2. надеюсь, быстрый последующий вопрос. Я заметил, что в моих данных у некоторых участников есть даты в одной строке, которые находятся между начальной и конечной датами другой строки. Если, например, они выполняют две работы одновременно, одну между 2005-03-01 — 2011-03-01, а другую между 2006-03-01 и 2007-03-01. Есть ли у вас какие-либо предположения относительно того, как обращаться с этими случаями?
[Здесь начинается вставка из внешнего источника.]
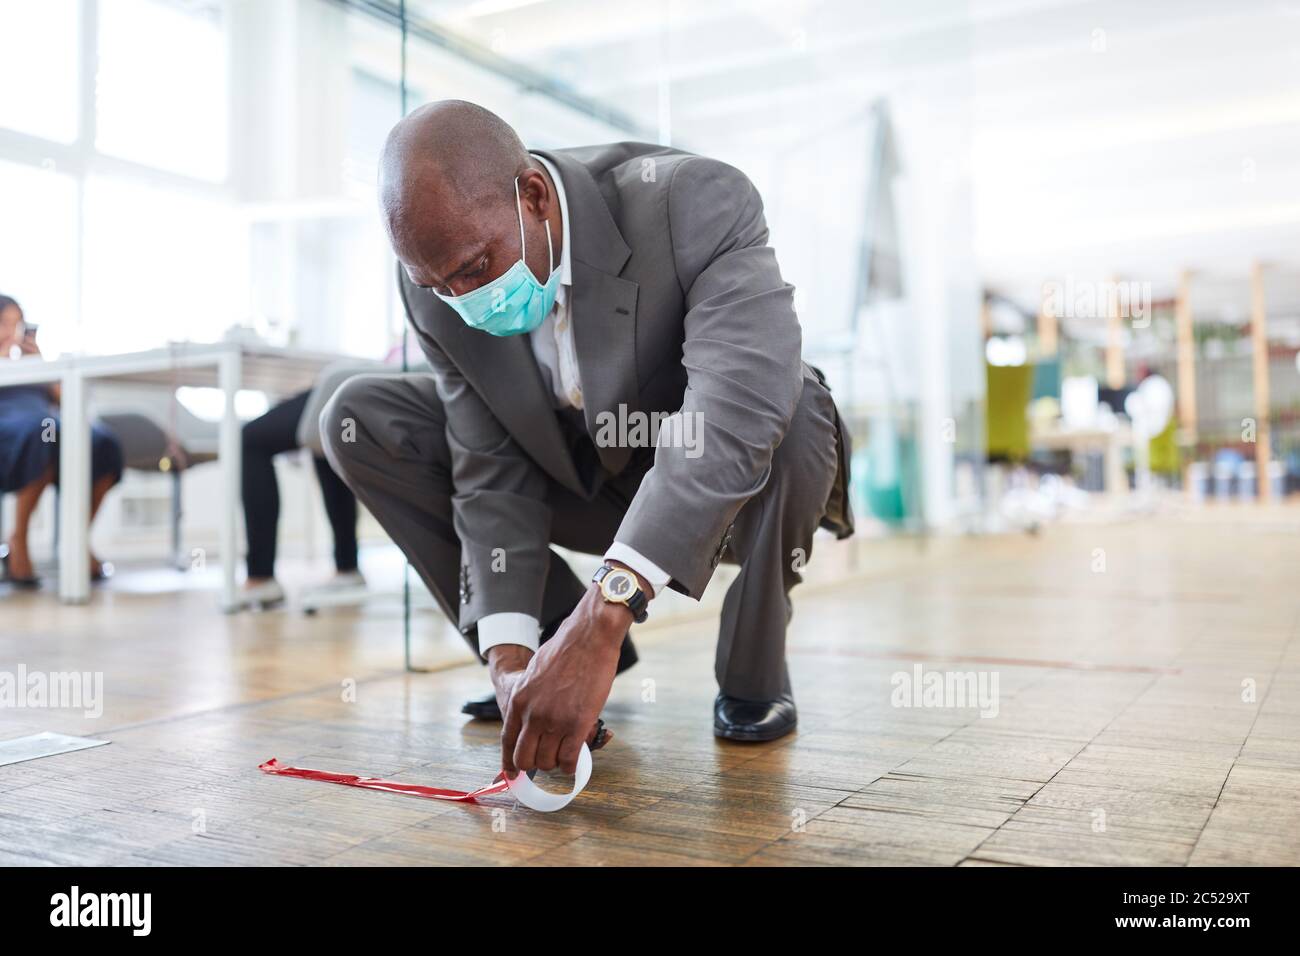 L'homme d'affaires africain marque le sol du bureau avec du ruban adhésif pour la distance en raison de Covid-19 Banque D'Images

3. Это вопрос с подвохом: для меня это совершенно достоверные данные. Похоже, что это не соответствует вашей последующей обработке. Например, вы предполагаете, что никакие две строки (для одного человека) не могут перекрываться вообще ? Если это так, как вы хотите обрабатывать конфликты? Самая короткая работа? Самая длинная работа? Объединение двух заданий (минимальное начало и максимальное завершение)? Это полностью зависит от контекста, и вам нужно полностью определить. И нет, нет инструмента, который сделает все это за вас, поскольку это ваши ограничения. (Но да, это можно сделать с помощью четко определенных правил.)
4. Хм, извините — я должен был быть более конкретным. Я собираюсь создать новый вопрос, и я свяжу его здесь, если вам интересно ответить.